Fig. 1. Casp-8^tDED mutations impair Casp-8 self-filamentation but facilitate complex reconstitution.

a The wild-type (WT) Casp-8^tDED (C8) predominantly forms filaments. Negative-stain electron microscopy (EM) and Coomassie blue-stained SDS-PAGE analysis of precipitates formed by the wild-type protein or complexes and resuspended in water. White arrowheads indicate some His-tagged proteins detected by Nanogold. Sample 1: WT Casp-8^tDED with a C-terminal His-tag (WT C8 C-tag). Sample 2: WT Casp-8^tDED plus WT cFLIP^tDED with an N-terminal His-tag (WT CF N-tag).
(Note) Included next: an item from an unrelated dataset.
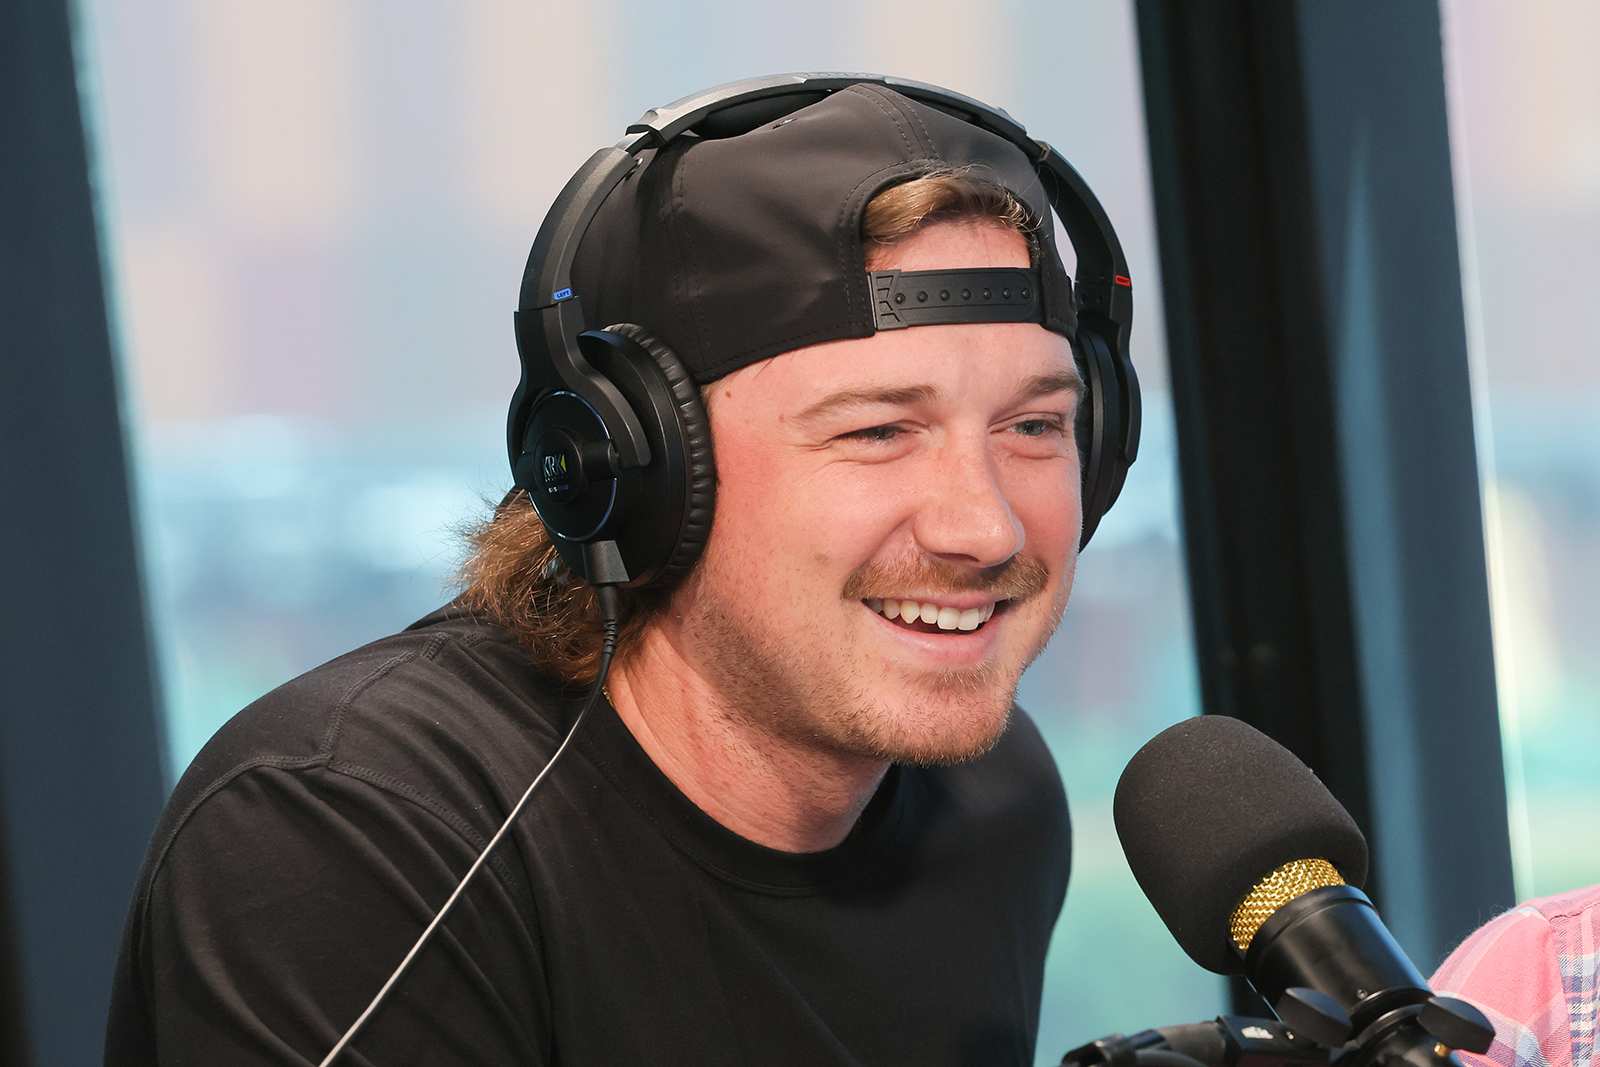 Morgan Wallen addresses his use of a racist slur in 2021: 'There's no excuse'

Sample 3: WT Casp-8^tDED plus WT FADD with a C-tag. b Casp-8^tDED_F122A mutant aids in the reconstitution of soluble DED complexes. SEC profile of the binary CF^H7G-Casp-8^tDED_F122A complex and negative-stain EM and SDS-PAGE analyses of the peak fractions. AU absorbance units. c Monomeric Casp-8^{tDED_F122G/L123G} mutant (C8^FGLG) forms short filaments in the presence of WT FADD. Negative-stain EM images show that C8^FGLG purified by SEC cannot form filaments, whereas it forms short filaments in the presence of WT FADD, although FADD mostly dissociated. White arrowheads indicate C-terminal His-tagged (C-tag) FADD detected by Nanogold. The SDS-PAGE analysis of the EM sample of the binary complex is also shown. All micrograph and biochemical data were repeated independently twice with similar results. Scale bar = 50 nm. Source data are provided as a Source Data file.